___ Data excerpts ___

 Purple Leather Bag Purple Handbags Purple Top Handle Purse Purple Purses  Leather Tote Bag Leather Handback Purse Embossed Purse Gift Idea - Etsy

___
___ Data excerpts ___

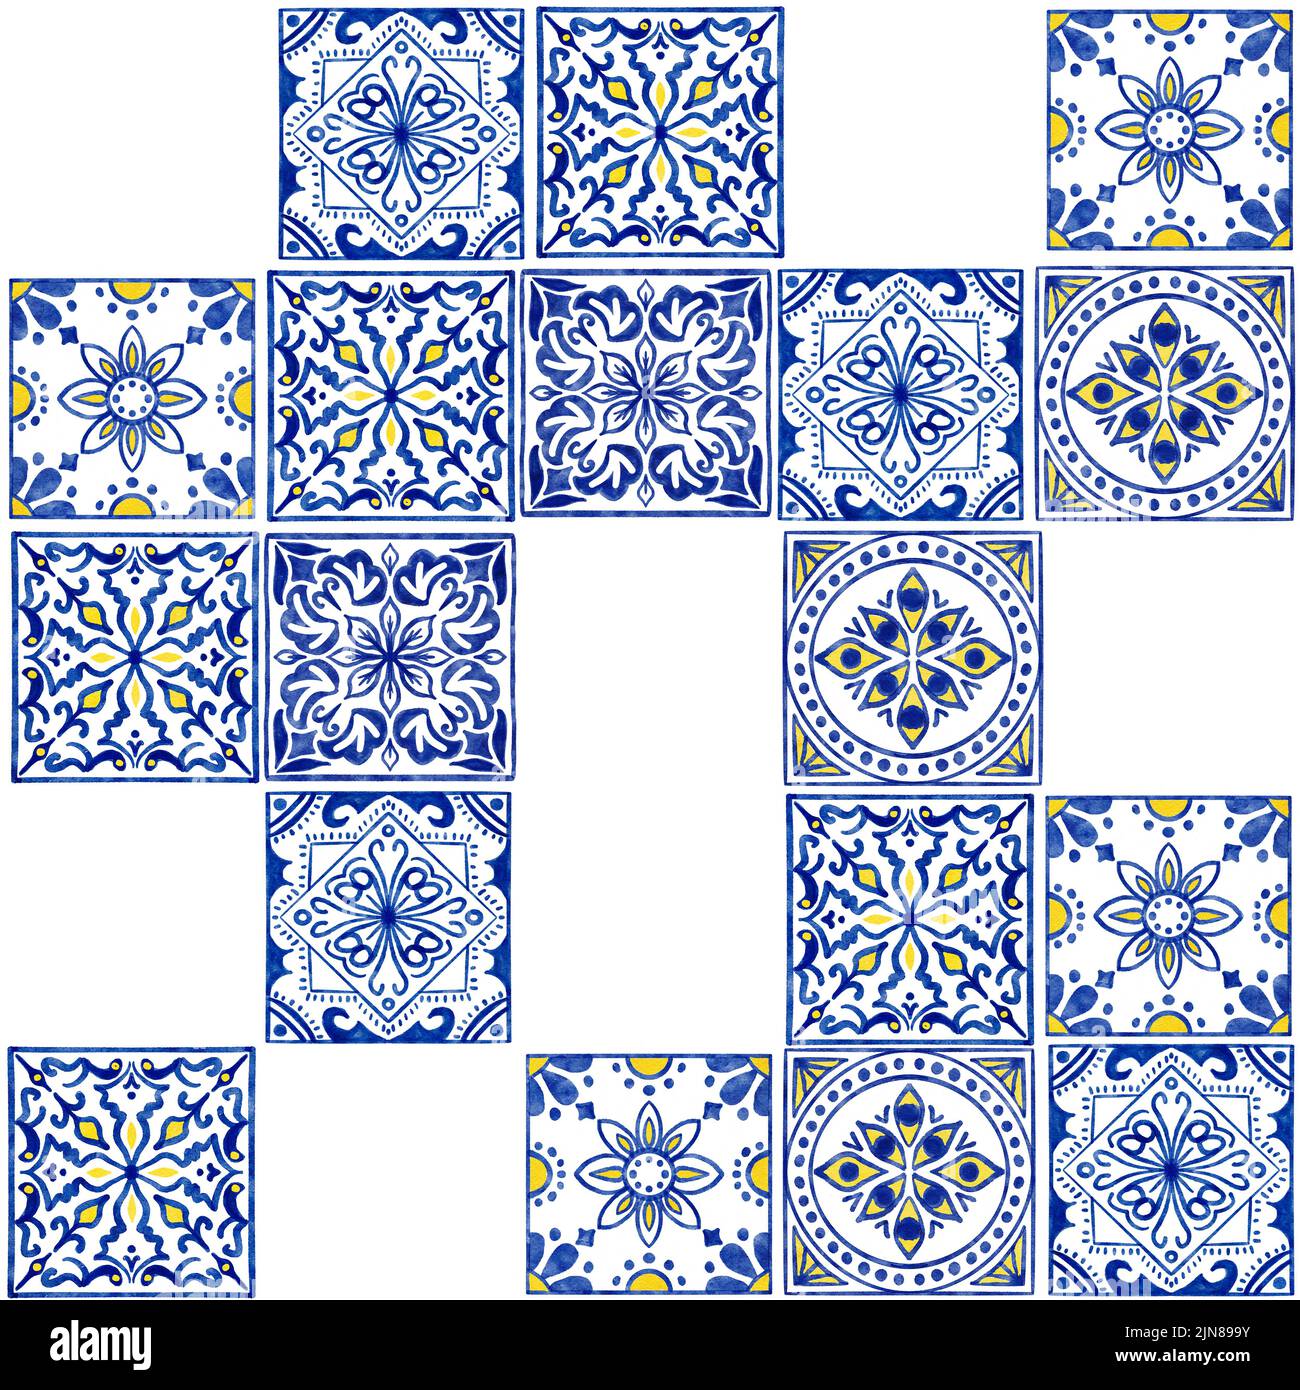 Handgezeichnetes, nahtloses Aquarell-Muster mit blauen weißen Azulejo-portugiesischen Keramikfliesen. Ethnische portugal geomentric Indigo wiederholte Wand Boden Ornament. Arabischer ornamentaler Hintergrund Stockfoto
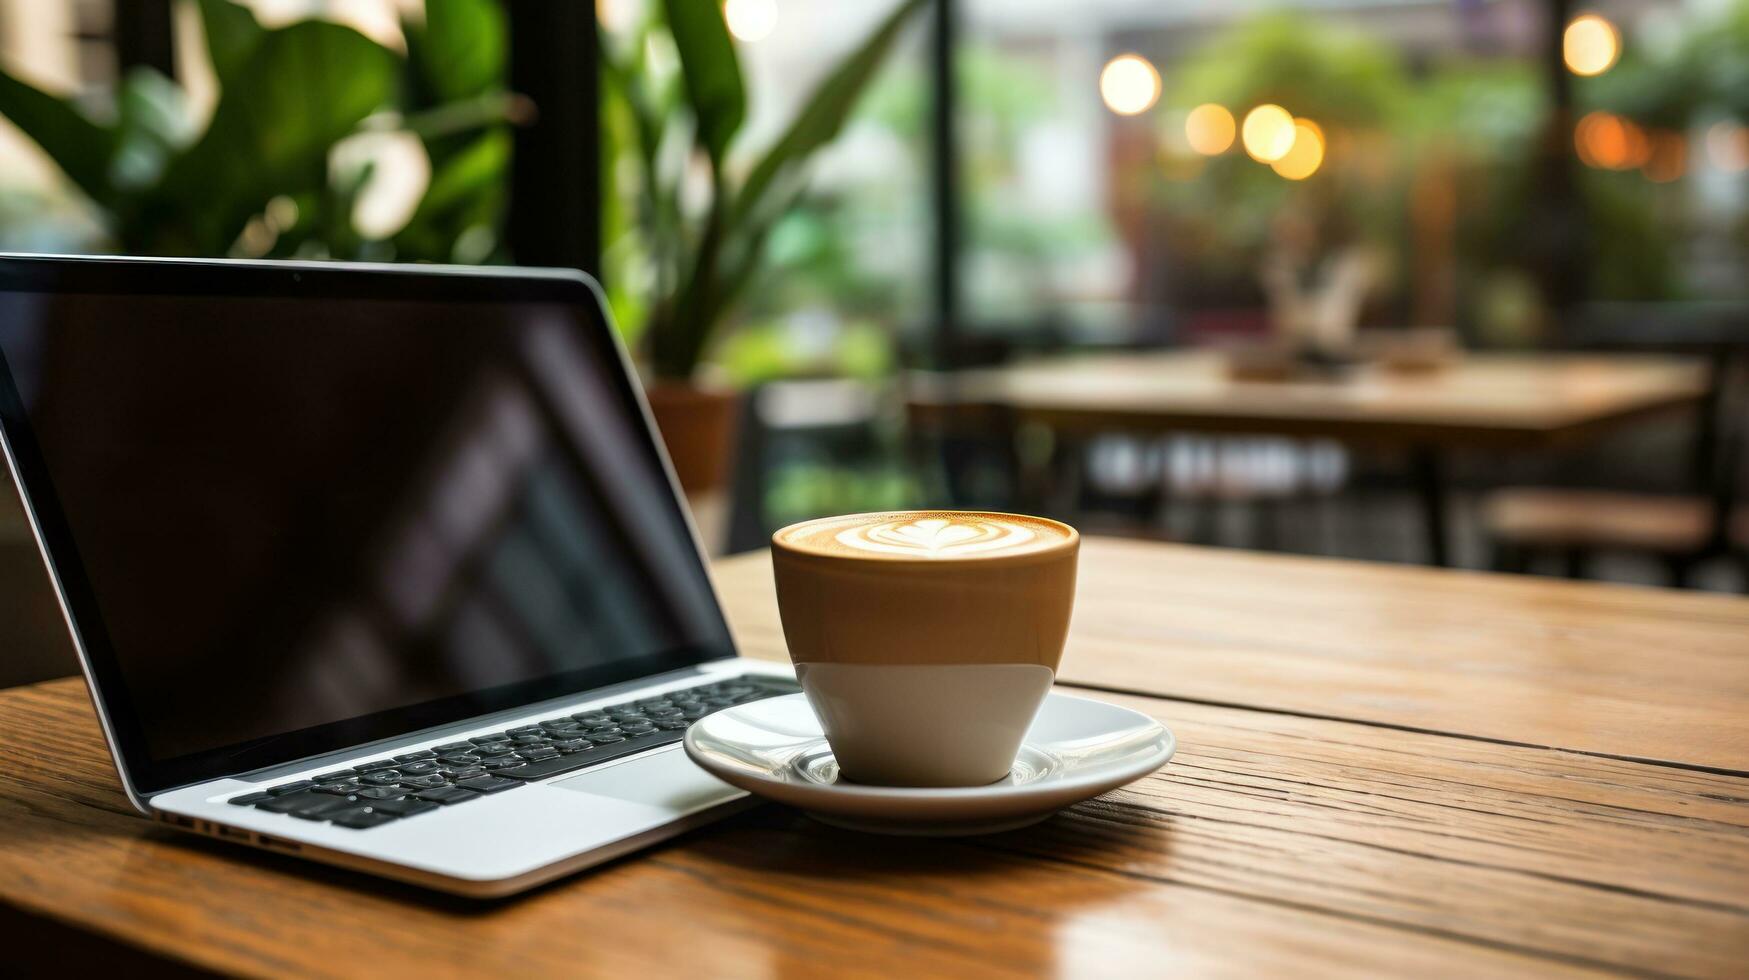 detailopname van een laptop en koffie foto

___

Work item:
Since the pictures are not part of the copy, please transcribe only the lines above from the one with "Handgezeichnetes, nahtloses Aquarell-Muster" through the one with "detailopname van een laptop en koffie foto", exactly and with both ends.

Written answer:
 Handgezeichnetes, nahtloses Aquarell-Muster mit blauen weißen Azulejo-portugiesischen Keramikfliesen. Ethnische portugal geomentric Indigo wiederholte Wand Boden Ornament. Arabischer ornamentaler Hintergrund Stockfoto
 detailopname van een laptop en koffie foto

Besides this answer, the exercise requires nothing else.